Ride your back a lot more and lose some kilos if you need to.


----------



## vickster (21 Apr 2015)

I'd say fitness. I can get the same at the top of a hill. I'm unfit, overweight and don't have asthma. However, if concerned see a doctor

I assume you don't smoke? If so, stop


----------



## Citius (21 Apr 2015)

uclown2002 said:


> Lack of fitness.
> 
> Ride your back a lot more and lose some kilos if you need to.

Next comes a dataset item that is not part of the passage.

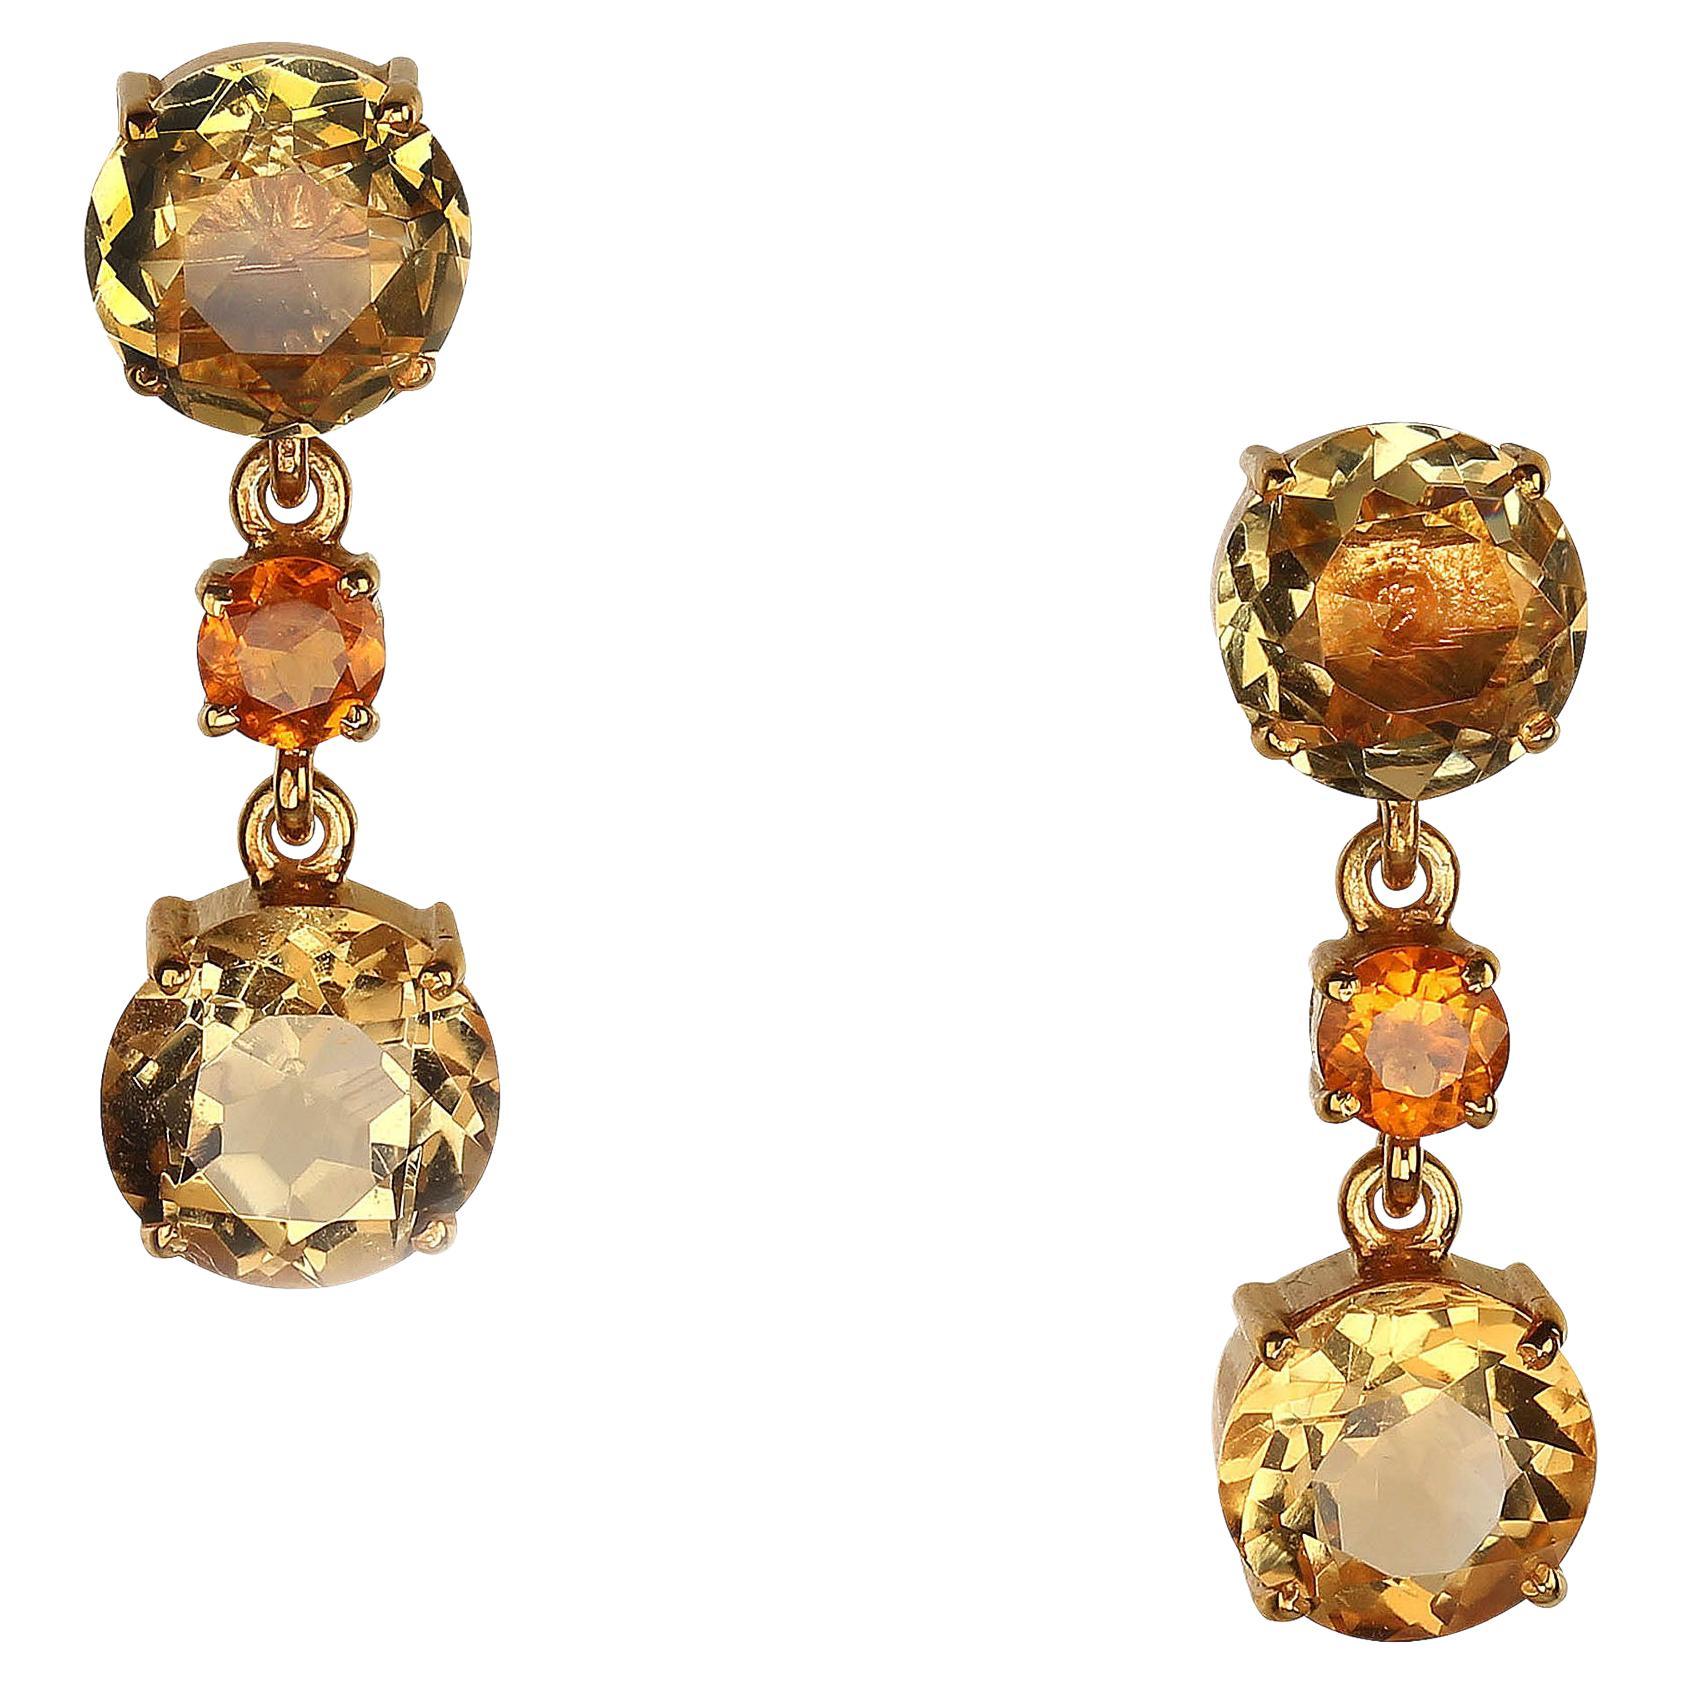 AJD Citrines and More Citrines Dangle Earrings in Gold

^^^ This. Although I suspect there will now be several pages of posts advocating 'breathing techniques' over basic fitness improvements


----------



## Yellow Saddle (21 Apr 2015)

Citius said:


> ^^^ This. Although I suspect there will now be several pages of* posts advocating 'breathing techniques' over basic fitness improvements *



Like an aerobix instructor used to shout at us back in the day when I still "did aerobix" - Don't forget to breathe. I've taken her advice and 30 years later I'm still alive. It works.


----------



## Dan B (21 Apr 2015)

I often forget to breathe but it's not something to aspire to. There's a good tip for breathing in Graeme Obree's book, summarised in this blog post: https://ttrial.wordpress.com/2013/02/06/graeme-obrees-3-phase-breathing-technique/


----------



## J1888 (21 Apr 2015)

As above, probably worth seeing your GP first - they'll probably get you to breathe into a long cardboard tube and perhaps do other lung function test etc.

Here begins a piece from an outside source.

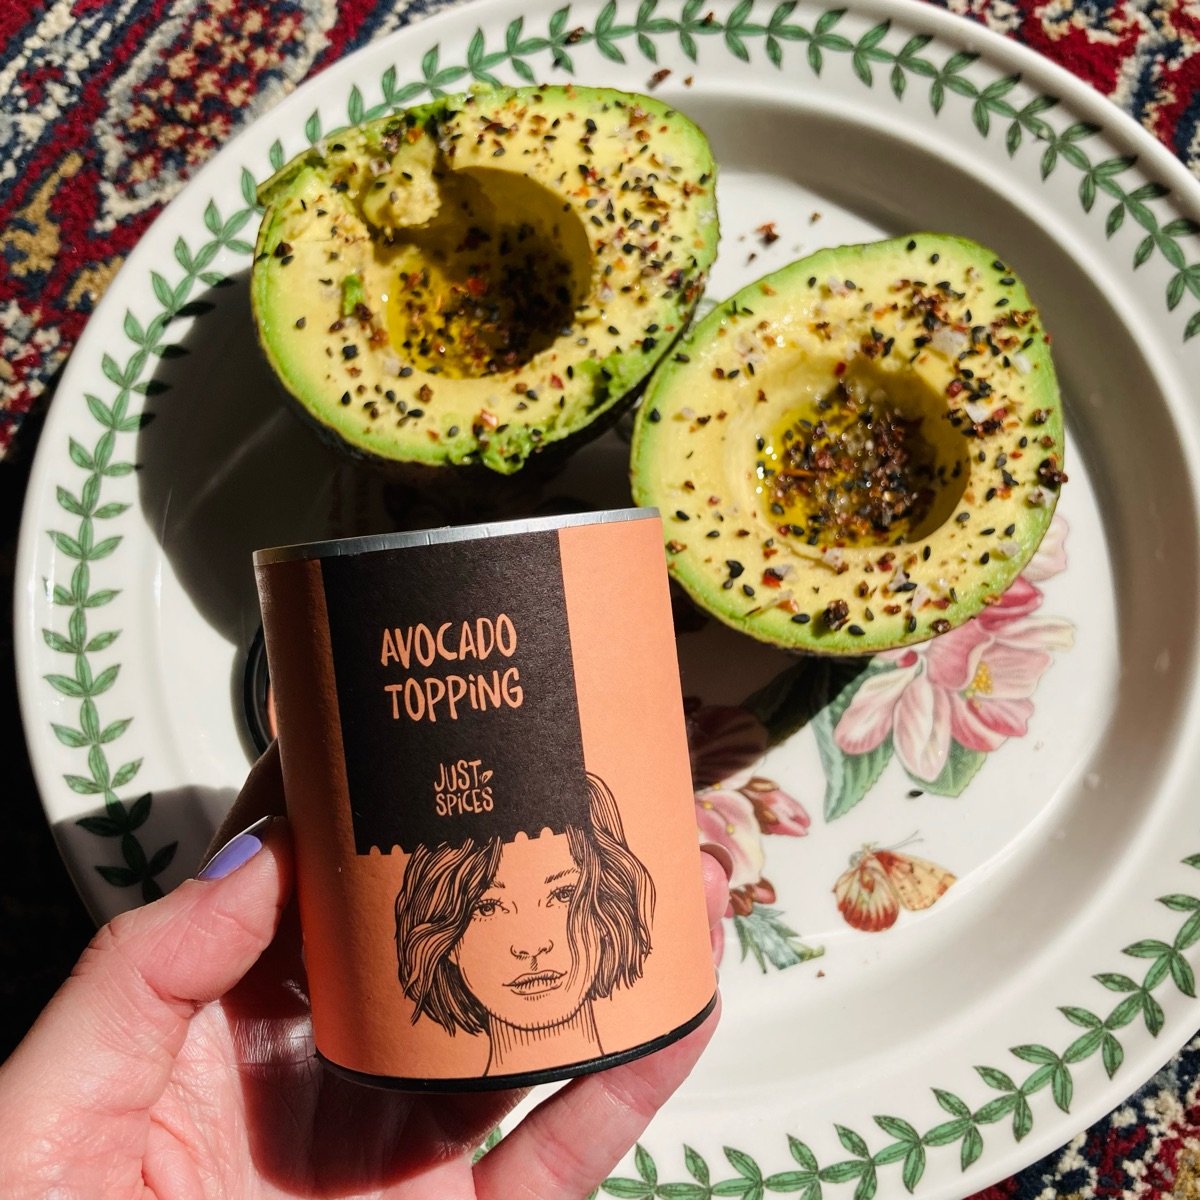 Just Spices Avocado Topping Reviews

Probably just a fitness thing, but best get checked out


----------



## gbb (21 Apr 2015)

Are you playing catchup ?
Do you attack the hill, then respond as your body calls for more oxygen...ie too late.
Or do you prepare by increasing breathing before you start and therefor increase your blood oxygen levels in readiness for the attack.
Perhaps someone will tell me its a load of rubbish, but I prepare, get oxygenated...this applies to short hills that you can sprint up, maybe 1/2 mile in length.


----------



## Citius (21 Apr 2015)

gbb said:


> Are you playing catchup ?
> Do you attack the hill, then respond as your body calls for more oxygen...ie too late.
> Or do you prepare by increasing breathing before you start and therefor increase your blood oxygen levels in readiness for the attack.
> Perhaps someone will tell me its a load of rubbish, but I prepare, get oxygenated...this applies to short hills that you can sprint up, maybe 1/2 mile in length.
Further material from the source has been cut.